Le due nuove condanne inflitte
dalla Corte europea per i diritti umani fanno dell’Italia uno dei paesi più
problematici –
fra i 47 di cui la Corte si occupa – in
materia di tortura. Esaminando le sentenze una per una e
stilando una classifica, scopriremmo probabilmente che l’Italia, in
materia di tutela dei diritti fondamentali (in special modo nei luoghi di
detenzione), è più vicina a paesi come la Russia, l’Ucraina e la Turchia che a
Francia, Germania o Gran Bretagna.
È un problema noto da molti
anni, documentato dalle maggiori organizzazioni di
tutela dei diritti umani, dalle cronache dei giornali e ormai anche dai
tribunali. Ma qual è stata la risposta delle istituzioni? Che
cosa si è realmente fatto nella prevenzione degli abusi e nella punizione dei
responsabili di casi di tortura?
I giudici europei su questi
punti sono stati durissimi e chiarissimi. L’Italia è priva di strumenti di
intervento adeguati e in aggiunta diversi apparati dello stato hanno compiuto
scelte profondamente sbagliate: l’azione della magistratura è stata “impunemente
ostacolata” (citazione testuale dalla sentenza Cestaro); i vertici dello stato
non hanno preso provvedimenti contro i responsabili di tortura, né sospesi né
licenziati nonostante rinvii a giudizio e condanne; niente di serio è stato
fatto nell’ottica della prevenzione.
La vicenda della legge sulla
tortura è emblematica.
Nel luglio scorso è stata approvata una norma paradossale, che probabilmente
non si applicherebbe proprio ai casi Diaz e Bolzaneto per i quali siamo stati
condannati (lo
avevano denunciato – inascoltati – ai presidenti delle camere undici undici
giudici genovesi) e che comunque, parole del commissario
del Consiglio d’Europa per i diritti umani, apre ampi varchi all’impunità.

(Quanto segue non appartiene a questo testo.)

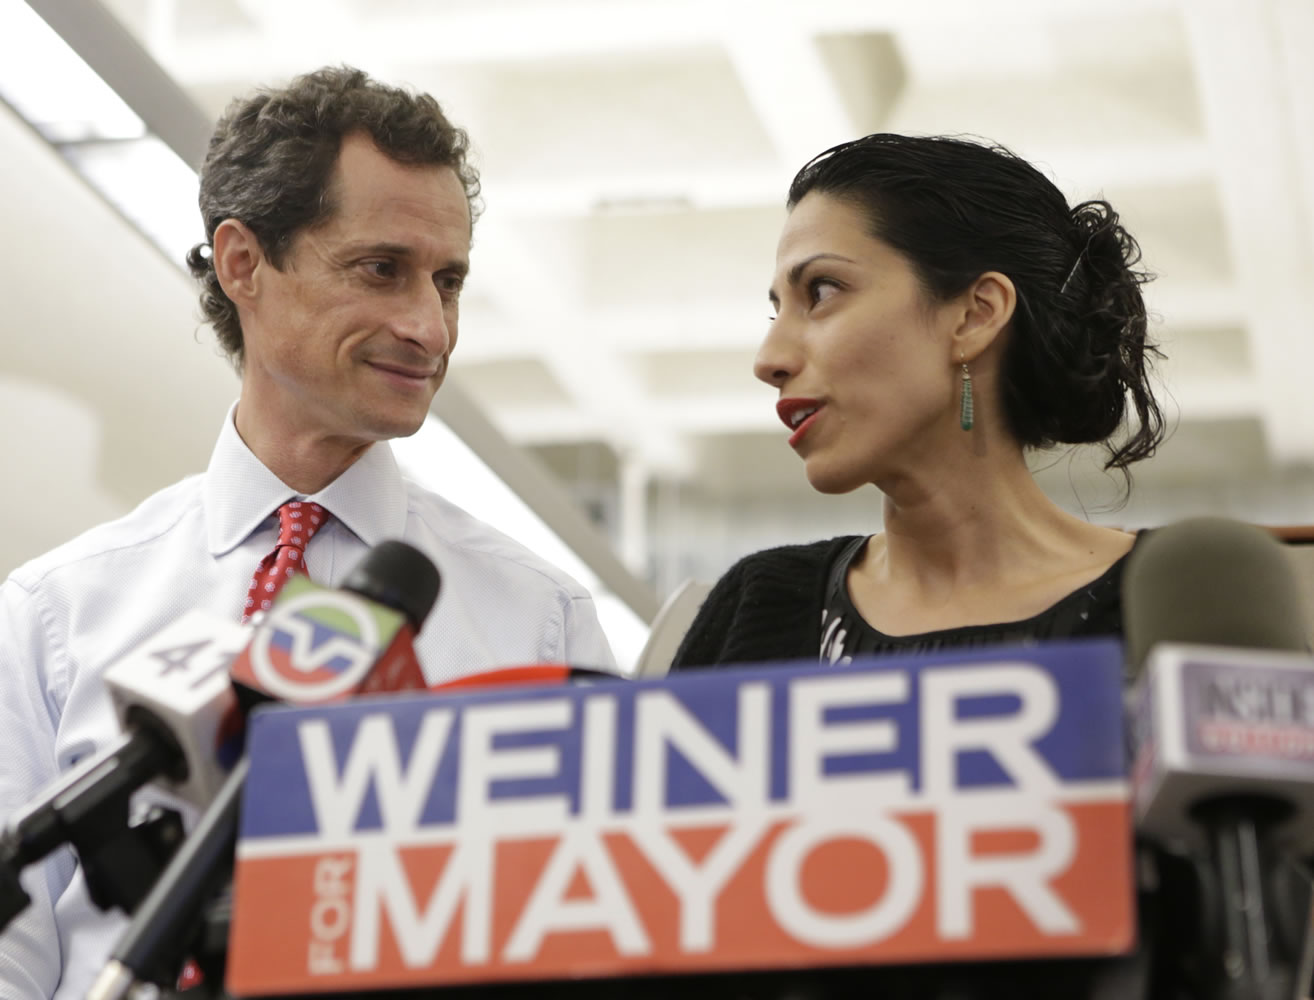 Huma Abedin, alongside her husband, New York mayoral candidate Anthony Weiner, speaks during a news conference at the Gay Men's Health Crisis headquarters in New York on Tuesday.

La verità è che non esiste nel
nostro paese – nella sua classe politica e intellettuale – la volontà di
riconoscere che abbiamo serie difficoltà nella tutela dei diritti umani: ai
casi eclatanti delle torture si sommano l’opacità degli apparati di sicurezza,
la scarsa attitudine a rendere conto del proprio operato, l’inesistenza di
un’autorità indipendente di vigilanza.
La verità è che il legislatore,
anche di fronte casi eclatanti come le torture, le violenze e i falsi
durante il G8 genovese del 2001, non si è mai schierato dalla parte dei
cittadini sottoposti ad abusi odiosi e gravissimi, e si è invece messo dalla parte di
apparati autoreferenziali e riottosi rispetto alle regole di condotta tipiche
delle forze di polizia nelle migliori democrazie.
Le conseguenze sono sotto i
nostri occhi:
l’impunità generalizzata; la legge truffa sulla tortura; l’indifferenza- va
detto anche questo – verso i campi
di detenzione delocalizzati in Libia, ultima
perla di un paese chiaramente a disagio con la dottrina dei diritti umani.